(Data records)
=== Section Start ===

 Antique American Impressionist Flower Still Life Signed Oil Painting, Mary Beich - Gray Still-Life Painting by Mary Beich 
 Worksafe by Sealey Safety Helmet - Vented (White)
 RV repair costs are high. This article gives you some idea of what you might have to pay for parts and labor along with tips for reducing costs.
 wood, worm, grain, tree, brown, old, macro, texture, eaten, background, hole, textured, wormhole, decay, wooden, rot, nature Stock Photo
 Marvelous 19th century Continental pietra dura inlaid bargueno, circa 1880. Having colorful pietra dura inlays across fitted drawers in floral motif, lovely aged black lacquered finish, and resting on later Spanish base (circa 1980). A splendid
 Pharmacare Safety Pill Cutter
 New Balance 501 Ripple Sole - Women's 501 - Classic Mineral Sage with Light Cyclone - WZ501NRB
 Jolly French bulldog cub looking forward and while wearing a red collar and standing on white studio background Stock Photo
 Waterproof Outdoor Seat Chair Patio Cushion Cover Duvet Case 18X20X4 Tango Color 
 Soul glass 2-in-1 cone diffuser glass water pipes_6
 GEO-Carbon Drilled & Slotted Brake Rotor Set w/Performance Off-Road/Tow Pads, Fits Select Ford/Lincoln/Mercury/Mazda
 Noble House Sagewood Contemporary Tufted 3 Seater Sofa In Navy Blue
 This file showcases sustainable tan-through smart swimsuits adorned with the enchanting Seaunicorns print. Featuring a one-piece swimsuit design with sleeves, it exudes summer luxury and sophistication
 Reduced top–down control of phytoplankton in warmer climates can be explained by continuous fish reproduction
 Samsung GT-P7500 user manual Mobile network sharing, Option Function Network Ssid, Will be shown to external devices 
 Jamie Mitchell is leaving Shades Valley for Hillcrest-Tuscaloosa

=== Section End ===

#### TASK INSTRUCTIONS
Line by line, reproduce the data exactly as given.

#### YOUR SOLUTION
 Antique American Impressionist Flower Still Life Signed Oil Painting, Mary Beich - Gray Still-Life Painting by Mary Beich 
 Worksafe by Sealey Safety Helmet - Vented (White)
 RV repair costs are high. This article gives you some idea of what you might have to pay for parts and labor along with tips for reducing costs.
 wood, worm, grain, tree, brown, old, macro, texture, eaten, background, hole, textured, wormhole, decay, wooden, rot, nature Stock Photo
 Marvelous 19th century Continental pietra dura inlaid bargueno, circa 1880. Having colorful pietra dura inlays across fitted drawers in floral motif, lovely aged black lacquered finish, and resting on later Spanish base (circa 1980). A splendid
 Pharmacare Safety Pill Cutter
 New Balance 501 Ripple Sole - Women's 501 - Classic Mineral Sage with Light Cyclone - WZ501NRB
 Jolly French bulldog cub looking forward and while wearing a red collar and standing on white studio background Stock Photo
 Waterproof Outdoor Seat Chair Patio Cushion Cover Duvet Case 18X20X4 Tango Color 
 Soul glass 2-in-1 cone diffuser glass water pipes_6
 GEO-Carbon Drilled & Slotted Brake Rotor Set w/Performance Off-Road/Tow Pads, Fits Select Ford/Lincoln/Mercury/Mazda
 Noble House Sagewood Contemporary Tufted 3 Seater Sofa In Navy Blue
 This file showcases sustainable tan-through smart swimsuits adorned with the enchanting Seaunicorns print. Featuring a one-piece swimsuit design with sleeves, it exudes summer luxury and sophistication
 Reduced top–down control of phytoplankton in warmer climates can be explained by continuous fish reproduction
 Samsung GT-P7500 user manual Mobile network sharing, Option Function Network Ssid, Will be shown to external devices 
 Jamie Mitchell is leaving Shades Valley for Hillcrest-Tuscaloosa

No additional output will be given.